Figure 6.. CAF-CM subsidizes the up-regulation of OPN/SPP1 in PC cells.

(A) PCR array for receptors and ligands molecules associated with stemness signaling from CAF-CM/Basal-exposed PC cells. (B) Heatmap of top differentially expressed genes of PCR array (cut off < 5 fold). (C) Immunoblotting of OPN/SPP1 protein expression in 30, 60, and 90-dayCAF-CM/Basal-exposed PC cells. β-actin was used as a housekeeping control. (D-F) The OPN/SPP1levels in culture media. Bar diagrams depict the OPN/SPP1levels in pg/mL in the serum-free culture media of NFs/CAF-CM-exposed cells. (G-H) Representative bar graphs and images are showing immunofluorescence staining of CD44 (green) and OPN/SPP1 (red) in 5, 10, 15, and 20 weeks old KPC (Kras^G12D; p53^R172H; Pdx1Cre) mice tissues. Nuclei were stained in DAPI (blue). n=3; Scale Bar= 20um. (I) Representative violin plot showing the OPN/SPP1 expressions on different stages of PAAD; n (T) =179; n (N) =171. Data represent mean ± SD (P values were calculated by Student t-test) *P <0 .05, **P <0 .01, ***P < 0.001.

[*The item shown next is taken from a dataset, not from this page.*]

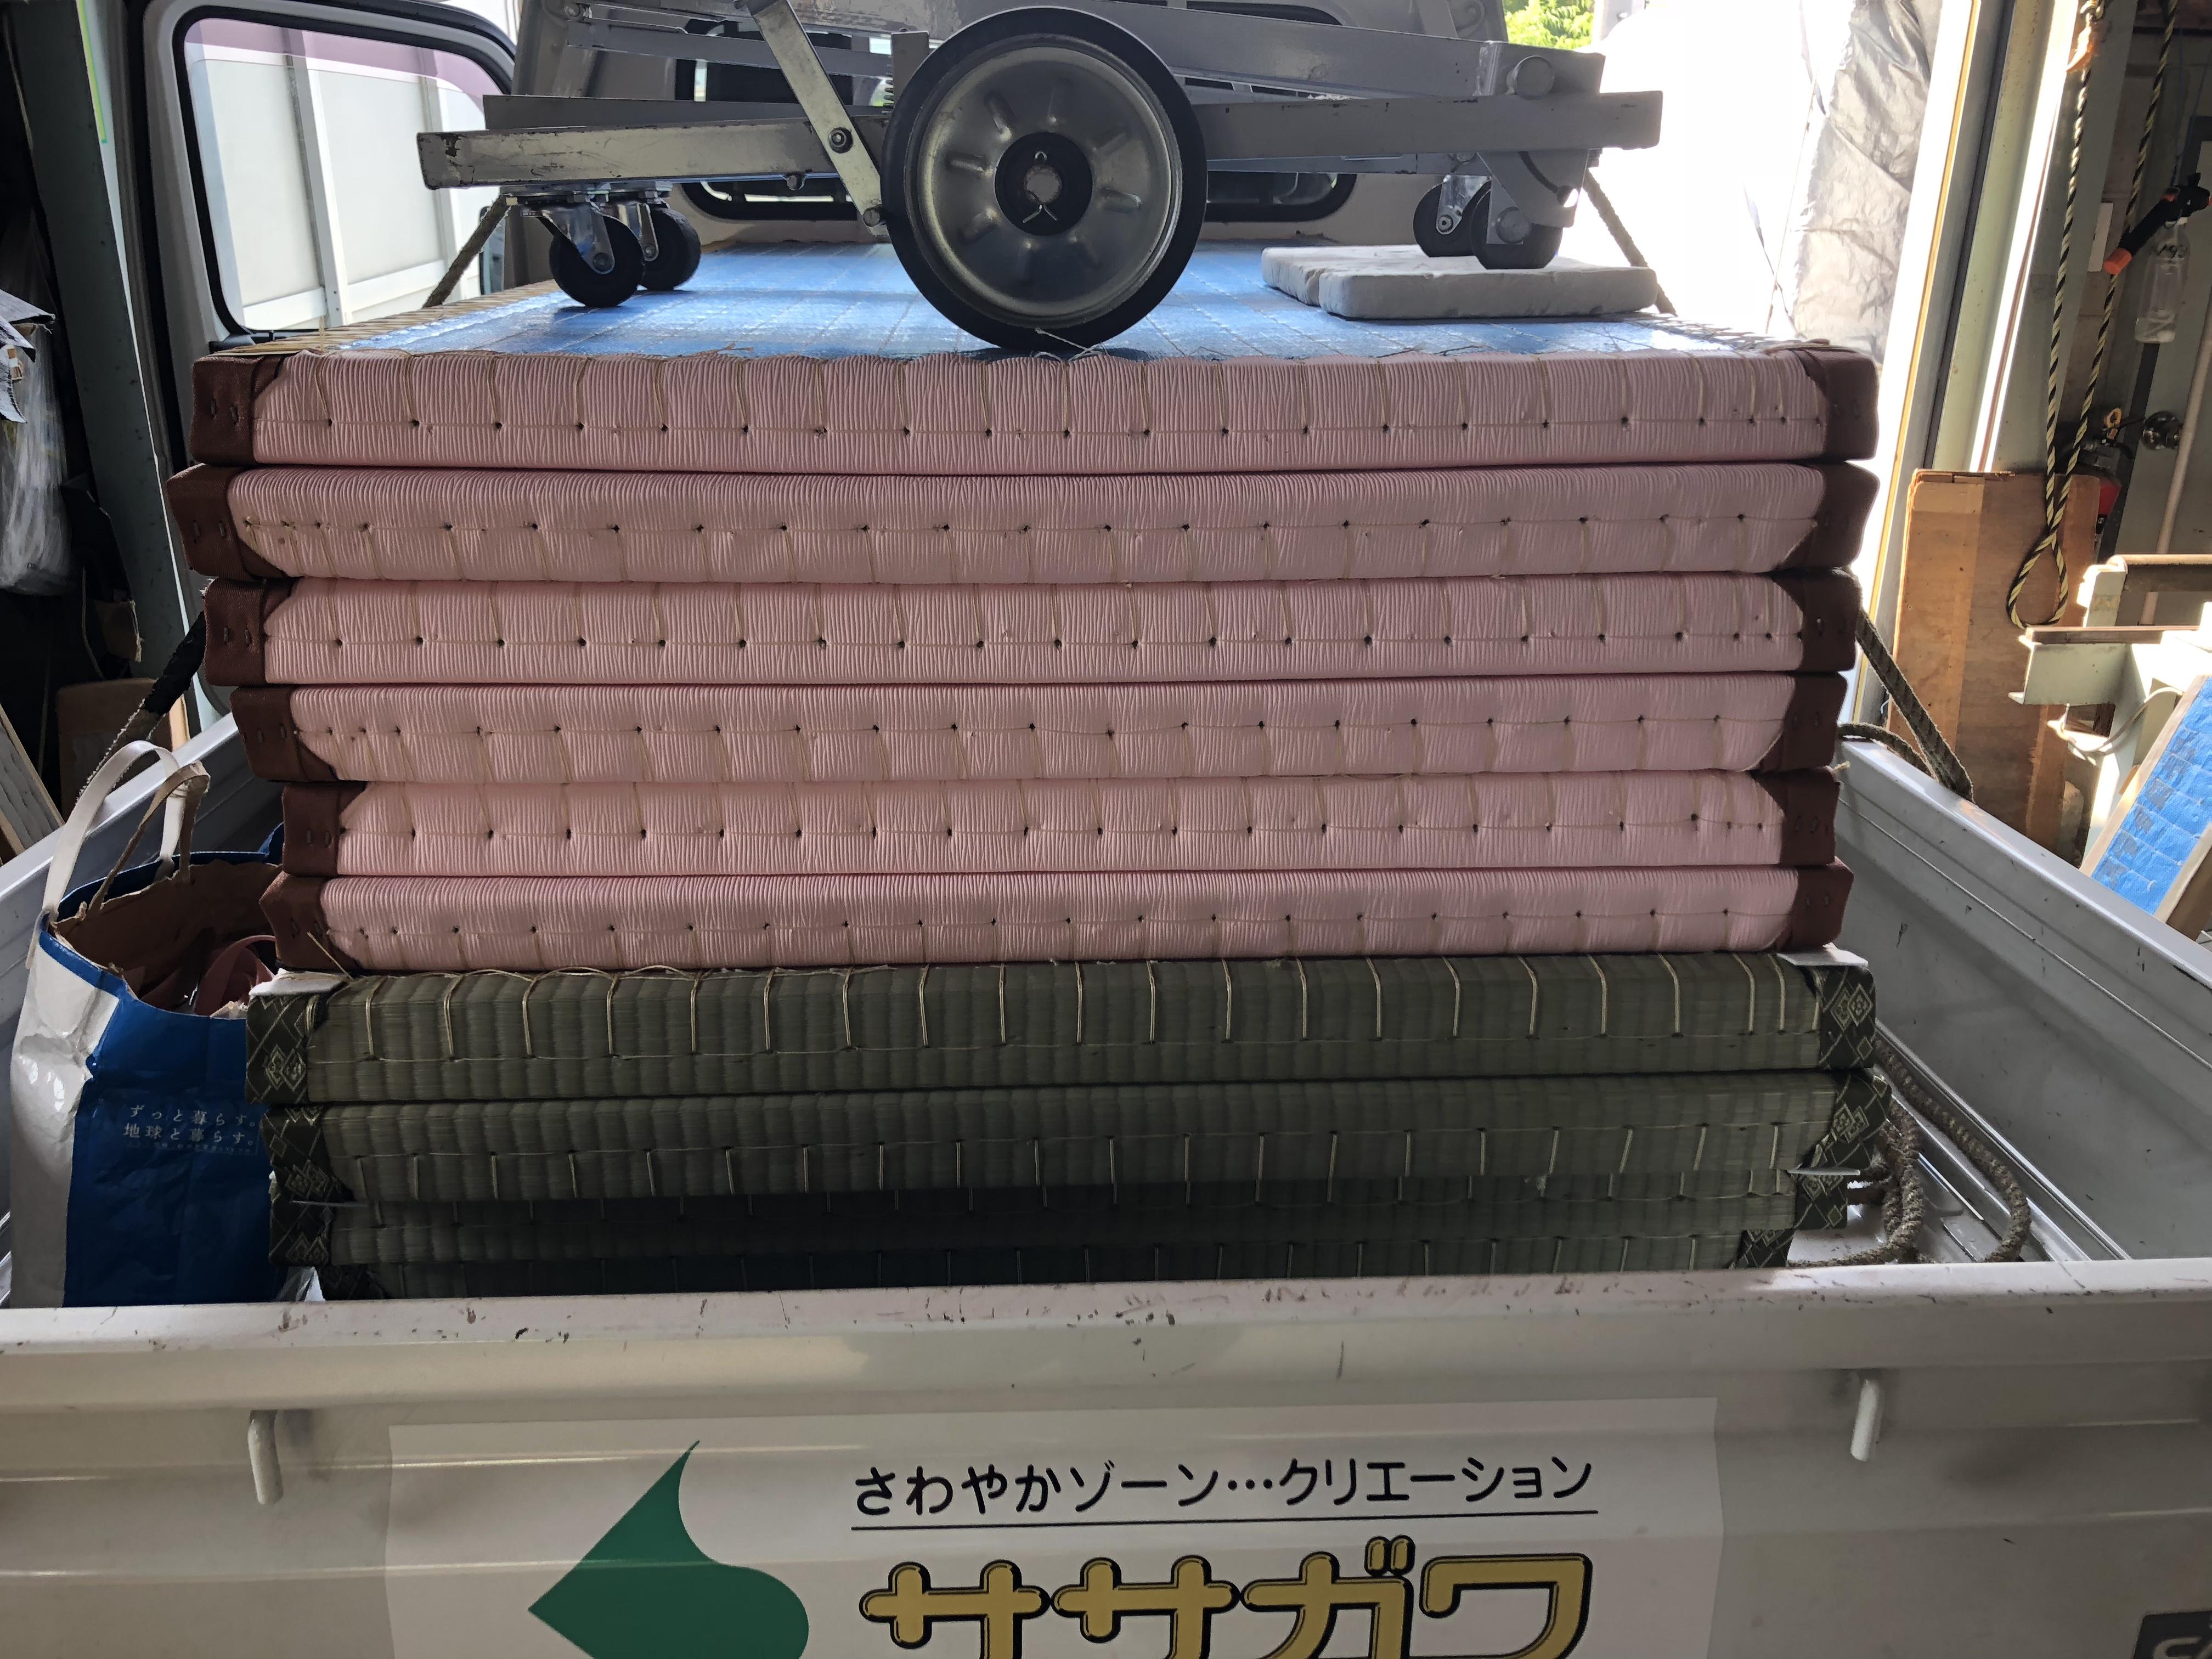 実績103.ペット用畳の画像

Figure 7.. Small interfering RNA knockdown of OPN/SPP1and CD44 in CAF-CM-induced PC cells diminished stemness features.

(A) Immunoblot blot analysis shows OPN/SPP1, CD44 knockdown efficiency in CAF-CM-treated PC cells. (B) Western blot analysis for stemness markers expressions in OPN/SPP1 and CD44 knockdown PC cells. β-actin was used as a housekeeping control (n=3). (C) The bar diagram showing the number of spheres per 2000 cells in OPN/SPP1 and CD44 knockdown PC cells; Sphere formation assays executed on OPN/SPP1 and CD44 knockdown PC cells; 2000/well were seeded in 96-well ultra-low attachment plates in stem cell medium; Images have shown the morphology of 7–14-days-old spheres. Scale bar = 400 um. (D-G) The bar diagram depicts the percentage of CD44⁺ and AF⁺ population in OPN/SPP1 and CD44 knockdown PC cells; Flow cytometry analysis of CD44⁺ and AF⁺ in CD44 and OPN/SPP1 knockdown PC cells. (H) Diagram illustrating how the CAFs regulate the OPN/SPP1-CD44 axis-mediated stemness enrichment in PC cells (n=3); Data represent mean ± SD (P values were calculated by Student t-test) *P <0 .05, **P <0 .01, ***P < 0.001.